(Listed entries begins)
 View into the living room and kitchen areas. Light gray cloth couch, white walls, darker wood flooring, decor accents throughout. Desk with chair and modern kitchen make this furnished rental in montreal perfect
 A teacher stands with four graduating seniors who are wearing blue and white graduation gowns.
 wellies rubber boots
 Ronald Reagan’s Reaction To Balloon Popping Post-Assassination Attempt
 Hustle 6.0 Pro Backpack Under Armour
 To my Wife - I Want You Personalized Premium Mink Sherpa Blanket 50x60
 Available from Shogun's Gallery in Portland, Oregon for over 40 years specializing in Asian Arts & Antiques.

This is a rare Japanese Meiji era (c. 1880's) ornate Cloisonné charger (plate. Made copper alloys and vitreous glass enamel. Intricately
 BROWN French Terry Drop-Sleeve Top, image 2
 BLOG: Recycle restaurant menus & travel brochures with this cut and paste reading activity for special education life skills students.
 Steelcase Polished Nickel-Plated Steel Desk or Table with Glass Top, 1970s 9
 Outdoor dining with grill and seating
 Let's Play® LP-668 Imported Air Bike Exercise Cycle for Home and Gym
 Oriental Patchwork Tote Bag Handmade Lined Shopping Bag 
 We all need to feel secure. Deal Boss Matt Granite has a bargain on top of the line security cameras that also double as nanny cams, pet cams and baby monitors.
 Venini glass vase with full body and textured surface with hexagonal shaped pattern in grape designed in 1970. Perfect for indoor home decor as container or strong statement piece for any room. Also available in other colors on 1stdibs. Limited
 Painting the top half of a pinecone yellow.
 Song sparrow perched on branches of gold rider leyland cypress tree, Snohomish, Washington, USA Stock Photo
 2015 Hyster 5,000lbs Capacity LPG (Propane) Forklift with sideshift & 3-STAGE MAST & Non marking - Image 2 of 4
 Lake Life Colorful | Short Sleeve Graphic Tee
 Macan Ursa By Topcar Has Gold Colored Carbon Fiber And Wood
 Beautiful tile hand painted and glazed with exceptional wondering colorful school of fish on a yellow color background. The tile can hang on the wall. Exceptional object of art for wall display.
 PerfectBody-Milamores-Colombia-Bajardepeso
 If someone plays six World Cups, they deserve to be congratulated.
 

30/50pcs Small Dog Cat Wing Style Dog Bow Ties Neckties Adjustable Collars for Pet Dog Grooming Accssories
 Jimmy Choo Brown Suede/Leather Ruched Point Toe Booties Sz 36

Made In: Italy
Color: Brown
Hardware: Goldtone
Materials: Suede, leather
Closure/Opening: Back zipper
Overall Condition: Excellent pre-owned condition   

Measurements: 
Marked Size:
(Listed entries ends)
Set down precisely the lines above between the line holding "Hustle 6.0 Pro Backpack Under Armour" and the line holding "BROWN French Terry Drop-Sleeve Top, image 2", inclusive, and nothing beyond them.

**Written solution:**
 Hustle 6.0 Pro Backpack Under Armour
 To my Wife - I Want You Personalized Premium Mink Sherpa Blanket 50x60
 Available from Shogun's Gallery in Portland, Oregon for over 40 years specializing in Asian Arts & Antiques.

This is a rare Japanese Meiji era (c. 1880's) ornate Cloisonné charger (plate. Made copper alloys and vitreous glass enamel. Intricately
 BROWN French Terry Drop-Sleeve Top, image 2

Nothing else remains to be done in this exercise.